Кобо Абэ - Сожженная карта
Но неожиданно приходит спасение. Самый дальний автобус, более или менее избежавший разгрома — видимо, потому, что водки было слишком много и все были поглощены выпивкой, — неожиданно взревел мотором и как был с открытой задней дверью, теряя по дороге товары и забравшихся в него рабочих, помчался вперед, расшвыривая мелкую гальку.
Внимание нападающих сосредоточивается на нем. Некоторые, схватив камни, бросились за ним вдогонку, а некоторые даже пытаются забраться в него через окна. Но микроавтобус, мотор которого, думаю, был меньше тысячи кубических сантиметров, со скрежетом, будто пилят металл, из последних сил преодолевает подъем на дамбу и отрывается от преследователей.
Успех беглеца дал и ему, и другим автобусам возможность бежать. Пока рабочие гнались за уносящимся автобусом, оставшиеся автобусы разом завели моторы и, газуя изо всех сил, понеслись по берегу.

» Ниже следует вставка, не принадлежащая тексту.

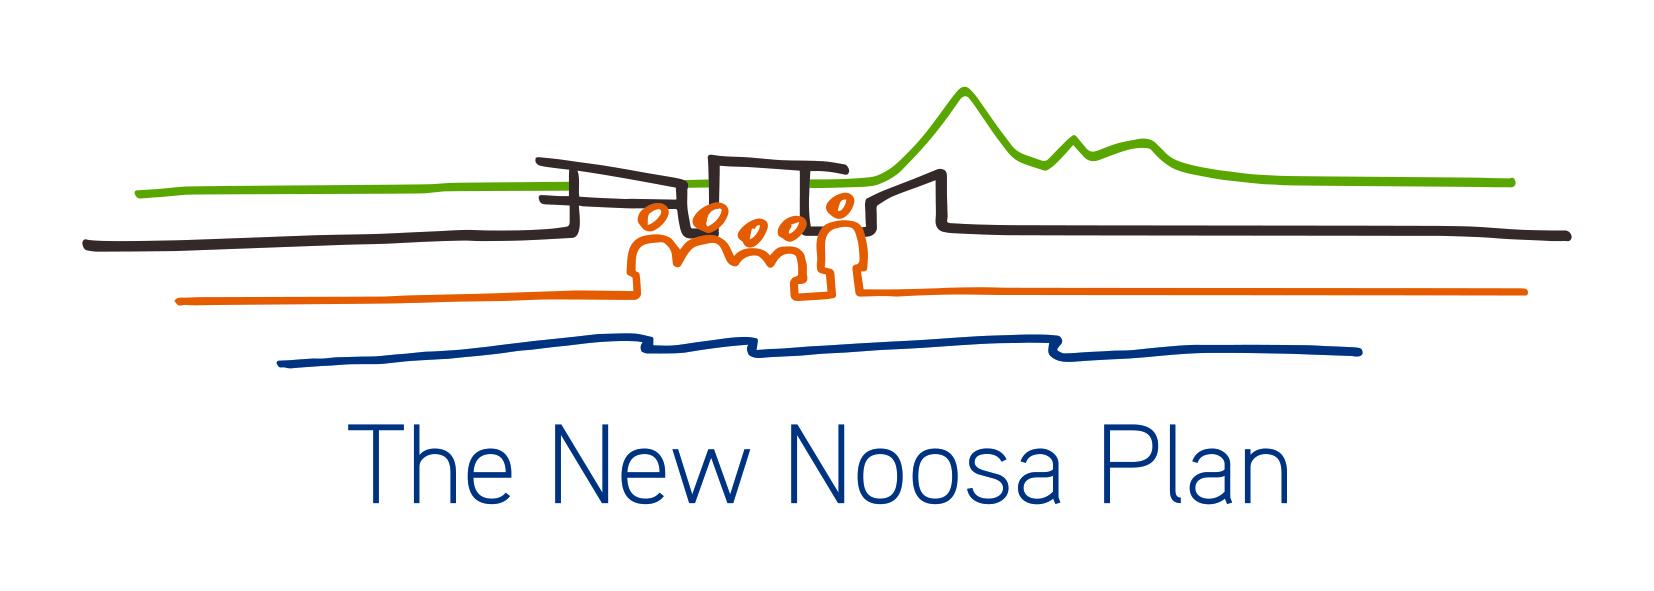 Noosa plan logo line drawing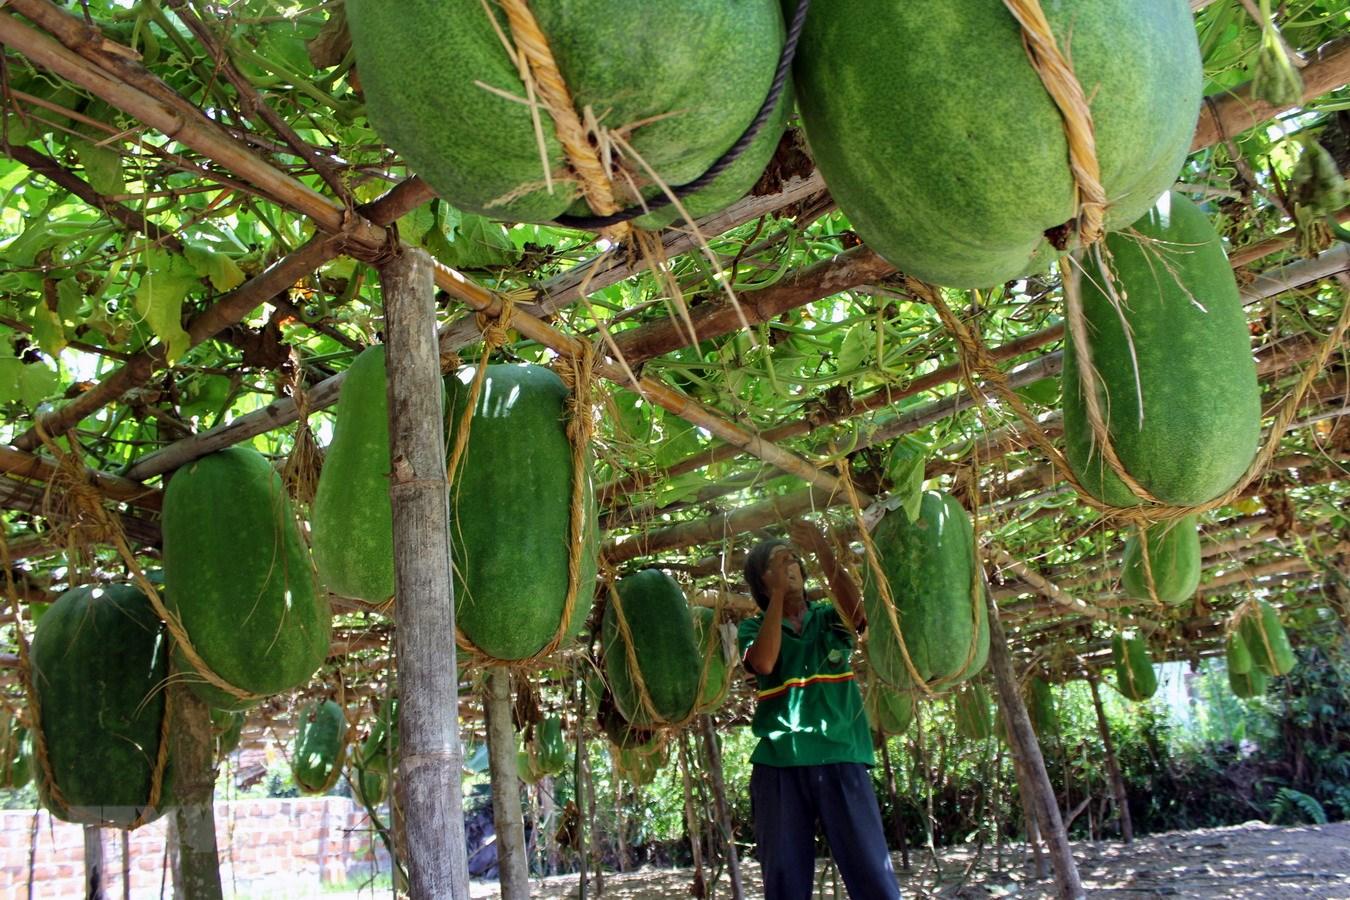 Siêu to khổng lồ hay có màu sắc đặc biệt: 7 loại quả đang trồng ở Việt Nam này tới người Việt chưa chắc đã biết - Ảnh 2.

Я видел краем глаза, как человек, называвший себя братом, брошенный нападавшими, ползет на четвереньках к зарослям сухой травы у основания дамбы, один хотел было побежать к своей машине, счастливо избежавшей нападения… но вдруг спохватился: я забыл нечто весьма важное… егодневник… нужно напомнить о дневнике, который он обещал принести послезавтра к сестре. Подумал, что будет нелишне, если он подтвердит это обещание… но брата нигде не было видно — здорово, наверно, спрятался… а помедли я еще хоть секунду — и снова полетят камни… пригнувшись, делаю отчаянный рывок… в спину попадает камень, но боли не чувствую. Хуже, что задыхаюсь, горло перехватывает. Наверно, сказалась выпивка. Но все равно я удивительно спокоен, нахожу ключ, на это уходит не так уж много времени, и буквально одним движением завожу мотор. Большая часть рабочих столпилась у дороги, идущей вдоль склона насыпи, — у единственной дороги для автомашин, связывающей насыпь с берегом. Не успевшие удрать два последних автобуса, с зажженными фарами, неистово сигналя, пытаются прорваться через толпу. Один из них каким-то образом проскакивает. А второй, видимо впопыхах сорвав сцепление, посреди подъема неожиданно теряет скорость, и подлетевшие рабочие переворачивают его и легко сбрасывают под откос, где он и остается лежать вверх колесами. Фары ярко освещают склон насыпи, метров двадцать в ширину. Из сухой травы вертикально торчит белая палка — в ней таится какой-то зловещий смысл, но назначение ее не ясно. На фоне насыпи бурлит черная толпа, некоторые взобрались на перевернутый автобус, который уже вхолостую крутит колесами. Подстрекатель, конечно, среди них. Если бы только удалось рассмотреть его, хотя бы в самых общих чертах, представился бы прекрасный случай обнаружить врага этого самого брата — должен же он существовать… но вот еще более громкий вопль… звон разлетающегося стекла… глушу мотор, гашу фары. Вокруг того места, где раньше стояла бочка, красные огоньки беспорядочно разбросанных головешек… кто лежит на земле неподвижно — пьяный или раненый, кто ползет, кто, как лунатик, шатаясь, плетется к реке… но какое счастье, что перевернутый автобус не загородил дорогу. Правда, моя машина вполовину меньше автобуса. Малейшая ошибка, и ее судьба будет точно такой же.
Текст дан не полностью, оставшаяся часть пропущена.